In the 2016 election cycle, the Chamber’s independent spending exclusively aided GOP candidates for the first time. The vast majority of its 2014 spending also favored Republicans. Over the past two election cycles, the group has backed many Republicans who oppose Planned Parenthood.

In 2014, for instance, the Chamber spent $3.1 million to help elect Sen. Joni Ernst (R-Iowa). Ernst recently introduced legislation to end federal funding for Planned Parenthood and allow states to defund the organization. Sen. Marco Rubio (R-Fla.), an initial co-sponsor on Ernst’s bill, benefited from $1.5 million in spending by the Chamber against his opponent during his 2016 reelection race.

“The Chamber has never taken a position on Planned Parenthood or abortion, nor do those issues play any role in which candidates we support,” Blair Holmes, a Chamber spokesperson, told MapLight. “Our focus is growing the economy and creating jobs through sound policy."

Bruce Freed, who leads the Center for Political Accountability, said that companies “need to know how their money is being used and ensure that it’s not in conflict with their values, their policies and their business.”

“This type of consistency is important,” said Freed, whose group tracks corporations’ policies on disclosing their political spending and trade association memberships. “Conflicts can pose serious risks for the companies.”

In 2015, CVS Health announced it was ending its membership with the Chamber because the organization had lobbied against anti-smoking regulations in foreign countries. A spokesperson for CVS, which decided to stop selling tobacco in 2014, said the company was leaving the Chamber because “CVS Health’s purpose is to help people on their path to better health, and we fundamentally believe tobacco use is in direct conflict with this purpose."

Battle Over Federal Funds

Republicans have sought for more than a decade to defund Planned Parenthood because some of its clinics provide abortions. Vice President Mike Pence sponsored a bill to defund Planned Parenthood in 2007, when he was a member of Congress.

Congress passed a law in 1976 prohibiting federal dollars from being used for abortions.

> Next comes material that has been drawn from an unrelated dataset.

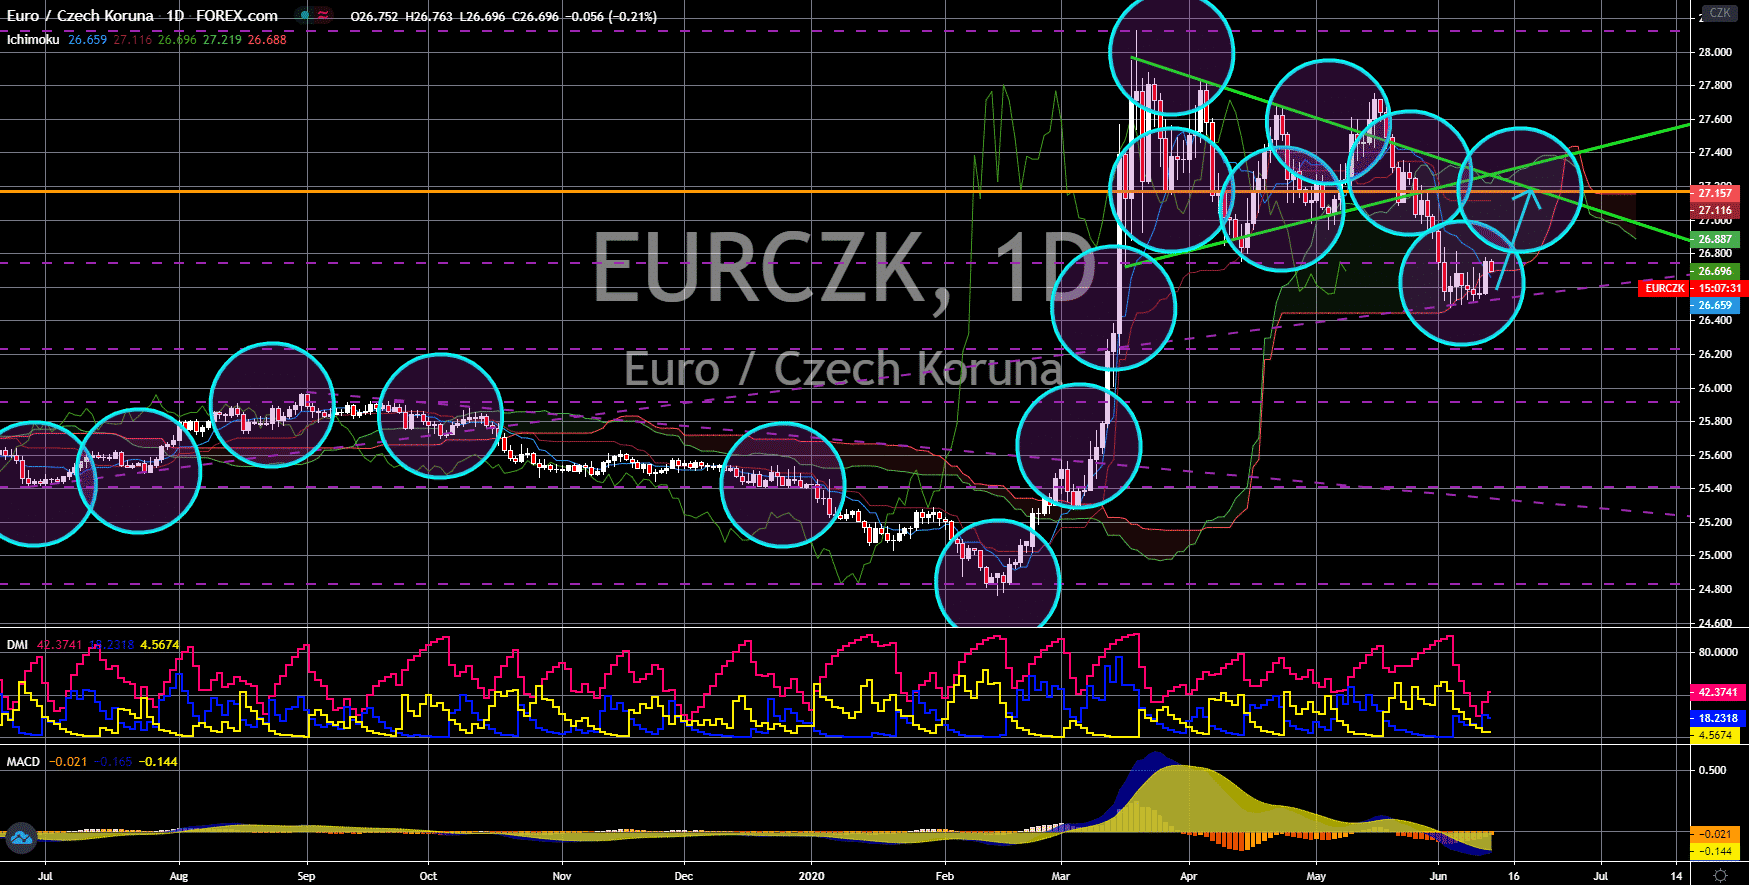 FinanceBrokerage - Notícias do Mercado: Gráfico EUR/CZK

Lawmakers later added exceptions for cases involving rape, incest, or threats to a mother’s life.

Planned Parenthood receives federal money for providing a wide range of health care services other than abortion. The organization says those services, which range from cancer screening to contraception, make up 97 percent of the care it delivers.

Planned Parenthood says it could lose up to 40 percent of its funding if Congress were to defund the organization. Many of Planned Parenthood’s patients could lose access to health care, according to a Guttmacher Institute study published last month.

According to Planned Parenthood, a majority of its 2.5 million U.S. patients receive services either through Medicaid, the federal-state health insurance program for the poor and disabled, or Title X, a federally funded program for reproductive services that was launched by President Richard Nixon in 1970.

Planned Parenthood’s president, Cecile Richards, recently told Buzzfeed that the organization won’t be able to provide services to all of the women it treats through donations alone. Planned Parenthood did not respond to questions from MapLight.

A 2016 study published in the New England Journal of Medicine found that after Texas barred clinics affiliated with abortion providers from participating in its Women's Health Program, claims for injectable contraceptives declined by 31 percent. Birth rates rose 27 percent among low-income women in counties with Planned Parenthood affiliates who were using contraceptive injections, according to the study.

In September, the Obstetrics & Gynecology journal published a study that found the maternal mortality rate in Texas more than doubled between 2010 and 2014. The study cited changes to state reproductive health laws as a possible factor in the spike, but said they were not likely the only cause.

Methodology:

MapLight analysis of campaign contributions to the principal campaign committees of federal candidates for the 2016 election cycle. All numbers are based on latest data made available by the Federal Election Commission as of February 9, 2017.